161 It could also possibly be argued that, in a large company like NRMA, one of the roles of a director is to serve the company by being available to represent, at general meetings, members who are unable to attend. When a director does so, particularly where the company has held out to members that the director will act as their proxy, it could be argued that the director then has the dual roles of agent for the particular members and director serving the company. In those cases where a member gives no direction how to vote, it may be the case that the director must cast the vote bona fide in the interests of the company, so that there would be no difficulty in seeing this as an exercise of director's duties.
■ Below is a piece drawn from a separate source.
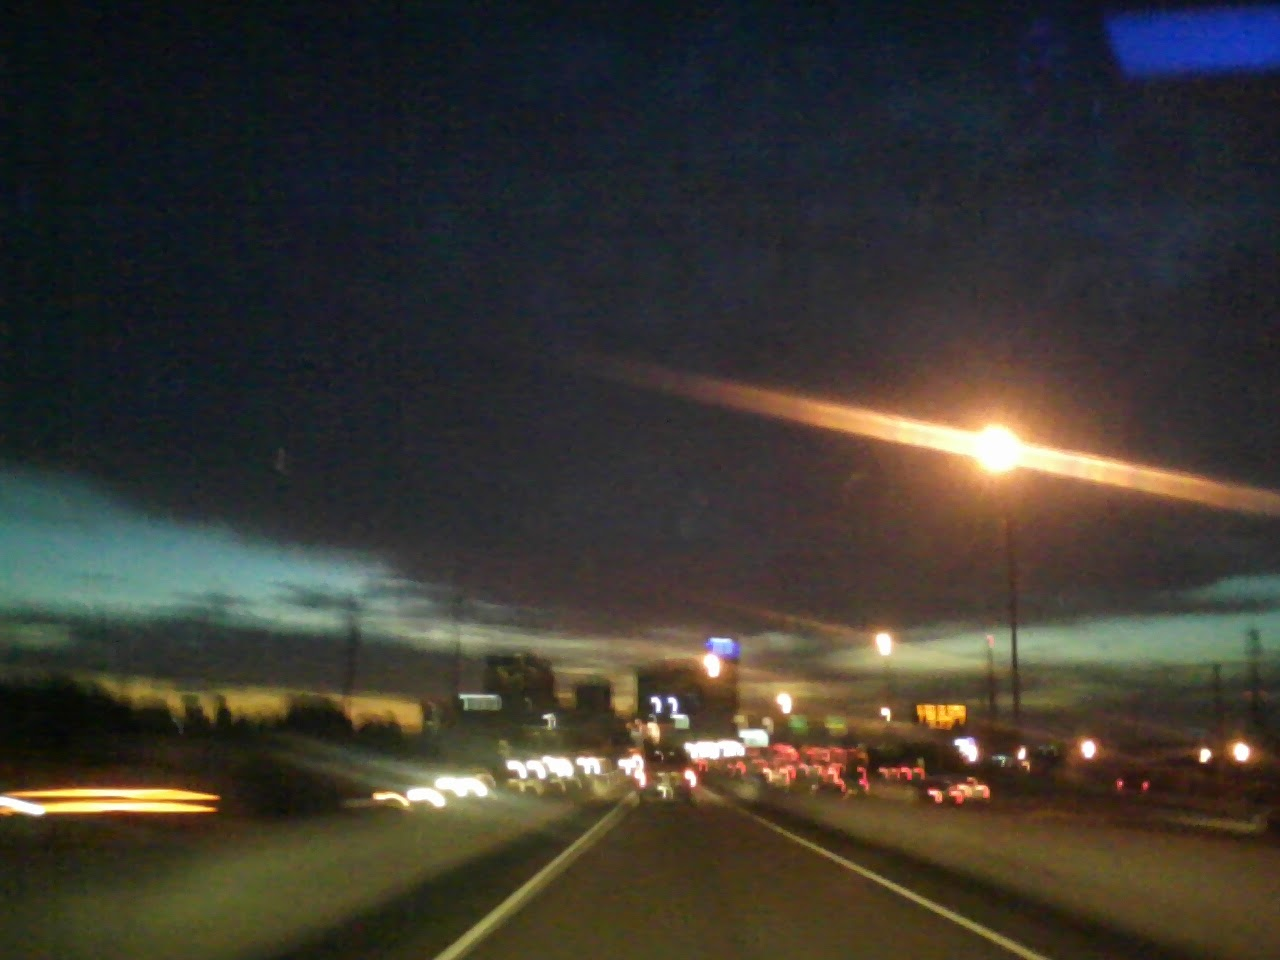 Sky - 0924064321.jpg

Where the member does give a direction how to vote, the director's duty as agent for the member would generally require that this direction be followed, even if the director does not think it in the interests of the company; but it could possibly be argued that this does not mean that the casting of the vote is not a discharge of director's duties, because the director has a duty to serve the company by acting faithfully as proxy (so that the company fulfils what it has held out to members), which displaces any duty as director to consider how the vote itself would affect the interests of the company.
162 We express no view as to whether either of the possibilities raised in pars.[160] and [161] is correct: there has not been sufficient argument to enable us to do so.
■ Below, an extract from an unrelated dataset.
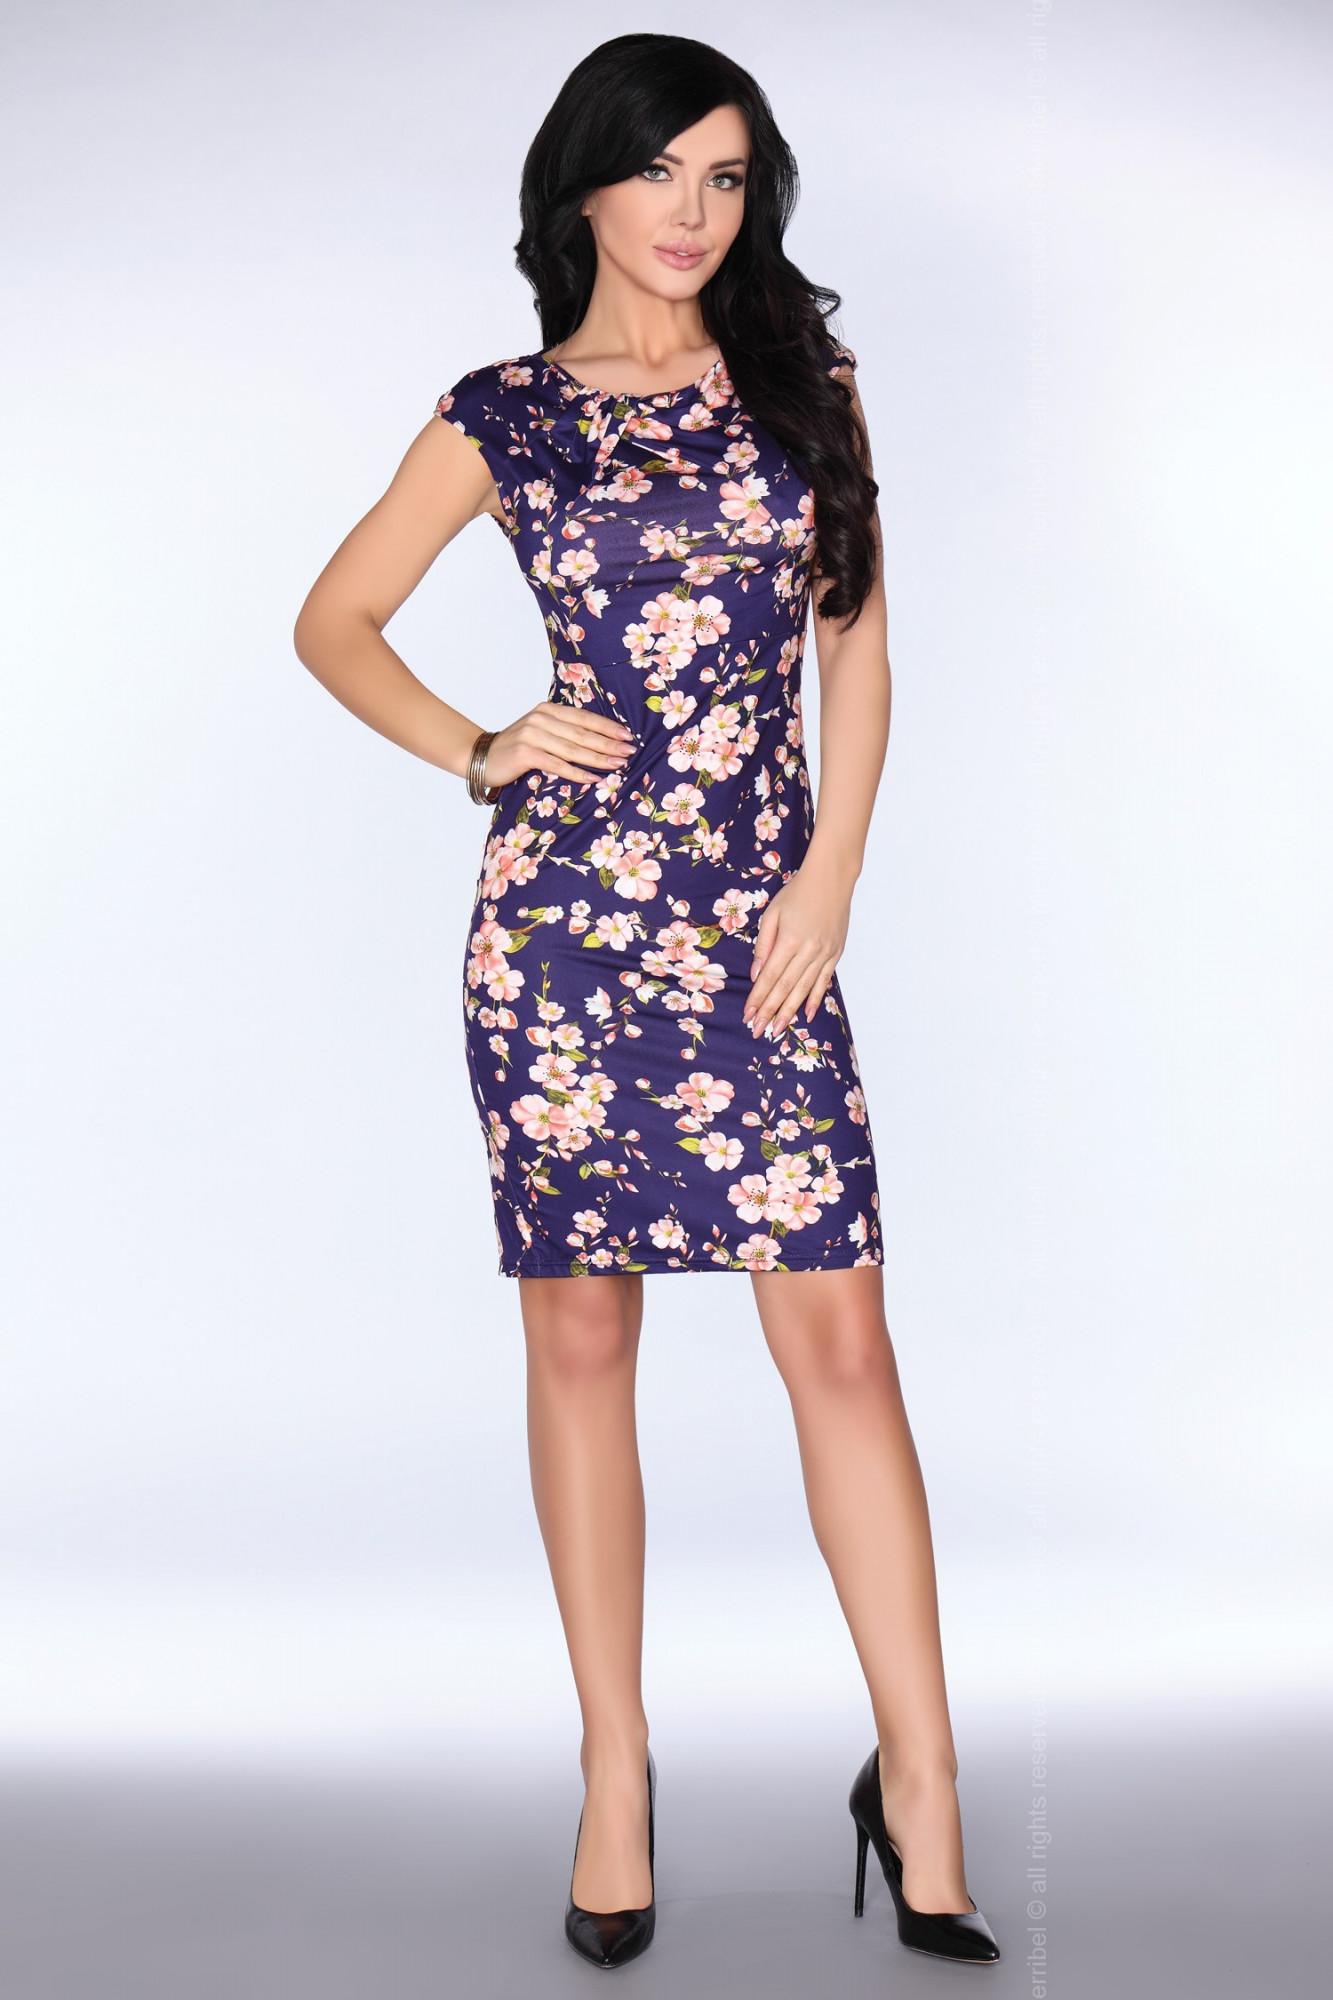 Dámské šaty model P30254 - Merribel Barva: modrá - květy, Velikost: L

163 In response to the Court's suggestion referred to in par.[160], it was submitted for the respondent that this approach was within the case as pleaded and contested, and the respondent made no application to amend or even to put on a Notice of Contention. On the other hand, it was submitted for the appellant that it was not, and that an amendment would be required, had not been sought, and would not be granted: the approach suggested would raise novel questions which would require considerable research, and could also raise factual issues that have not been addressed.
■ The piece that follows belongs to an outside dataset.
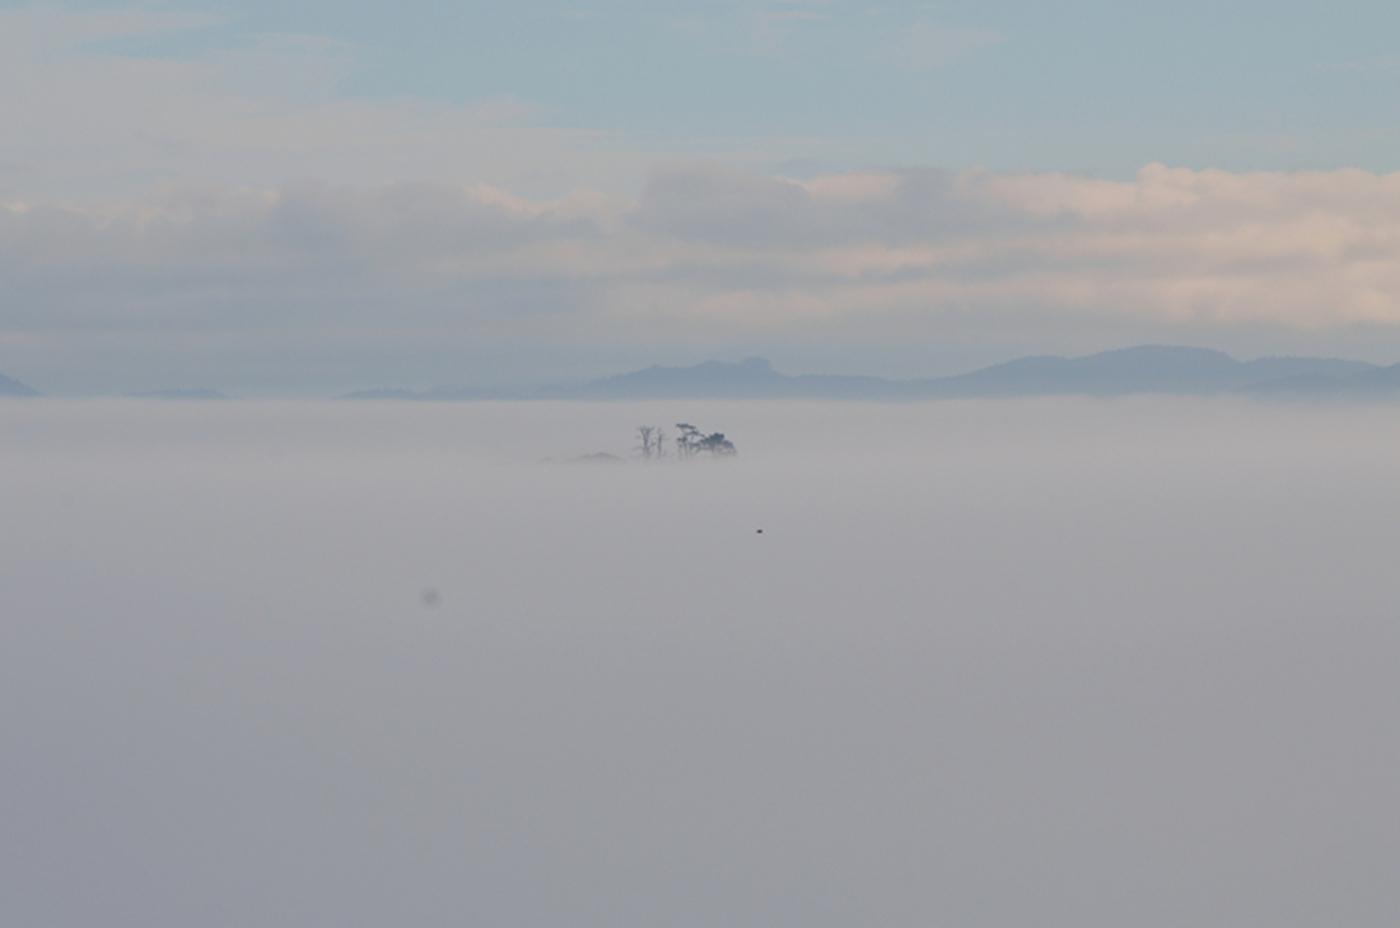 阿拉斯加,那山、那水、那人……_图1-1

164 In our opinion, a finding of breach of s.232(2) was not open on the way the case was put by the respondent. This was a charge of serious misconduct, and as such had to be formulated with precision. Neither of the two possibilities we have raised was canvassed in the case, either in the pleadings or during the twelve-day hearing before the primary judge. Even now, they have not been advanced by the respondent, either in a Notice of Contention or in any other appropriate way. In relation to them, natural justice has not been afforded to the appellant. It would not in those circumstances be right for this Court to consider and rule upon some new basis which it has itself formulated, such as these two possibilities.
165 In those circumstances, our conclusion must be that, even if the appellant had been found to have deliberately failed to sign the poll paper, this could not, on the way the case was pleaded and conducted, have been found to be a breach of s.232(2). Accordingly, we do not think it would be appropriate to order a new trial on this issue.